Algeria: Founder of Major Terror Group Surrenders

Archives

January7, 2007: As Algeria and the U.S. exchange information on Algerian Islamic terrorists, they find a common pattern. Many Algerian terrorists, who have "disappeared" from view in Algeria, are showing up in Iraq (where they are killed, captured or mentioned by prisoners), in a Western prison, or under surveillance by Western security agencies. Fewer Algerians are going ti Iraq, apparently after noting the high probability of getting killed or captured there. Algerian terrorists are trying to establish themselves in the West (Europe, Canada, Australia.) The GSPC members share information via the Internet on how to work the legal and social welfare systems of Western countries, in order to stay out of jail, and get the local governments to pay for living expenses. But known GSPC members are closely watched, and know they will be picked up if they are caught planning an terrorist operations. GSPC members are also active in Arab countries, but this is more dangerous. Especially in North Africa, counter-terror operations are very active, and effective. Morocco and Libya are particularly energetic in hunting, and catching, Islamic terrorists (who threaten the local governments). Meanwhile, the GSPC leadership insists that it will carry on the struggle to establish an Islamic state in North Africa, and, in a telling and pathetic gesture, publicly calls on Osama bin Laden for "instructions."

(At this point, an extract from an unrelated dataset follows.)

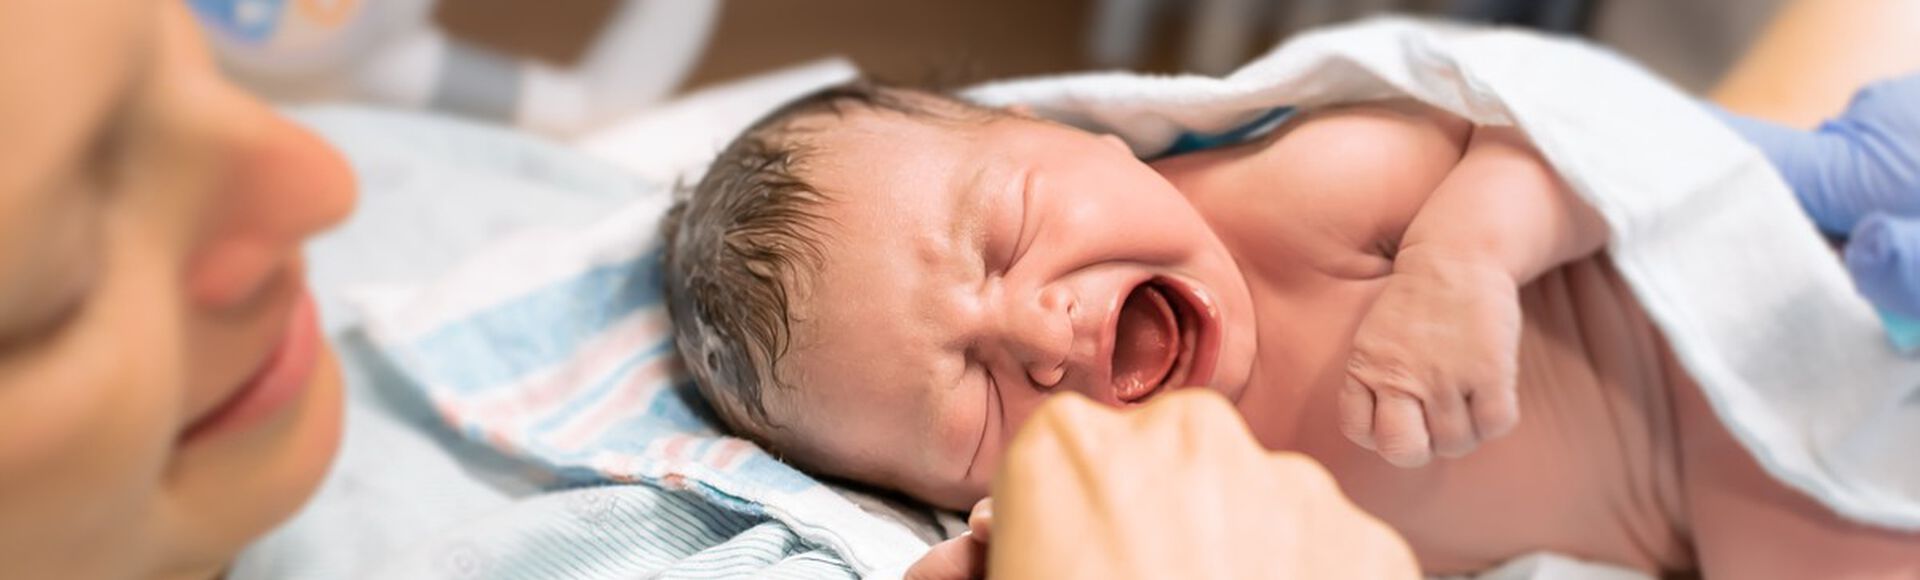 Mulher branca logo após parto com bebê recém-nascido nos braços

January 2, 2007: Hassan Hattab, one of the founders of the GSPC, and about a hundred of his followers, have accepted the government amnesty. Hattab was ousted as leader of the GSPC in 2001, and his successor was killed in 2004, and GSPC has been shrinking ever since. Hattab has pretty much stayed in the background since 2001, when more radical members of the GSPC pushed a program of more violence. This turned most Algerians against the Islamic radicals, and led to the collapse of the GSPC.

December 31, 2006:Police arrested two Tunisians, who admitted that they had entered Algeria, via Libya, with the help of Islamic terrorists, to work with the GSPC.

December 24, 2006:On the advice of French security officials, next month's "Dakar Rally" (a vehicle race across the Sahara) will skip Mali. There is fear that Algerian Islamic terrorists (belonging to GSPC) are in the area, and might ambush or kidnap some of the racers. American Special Forces have been training Mali security forces for some time now, but the area where the GSPC remnants can hide out is vast, and controlled by tribes more congenial to Islamic radicalism, than to their own government.

December 22, 2006:A major sweep, some fifty kilometers east of the capital, resulted in three Islamic terrorists dead, and 14 arrested. Some of the arrested were also working with criminal gangs, which is a typical method for terrorists to support themselves, and gain access to goods and services available via the criminal underground.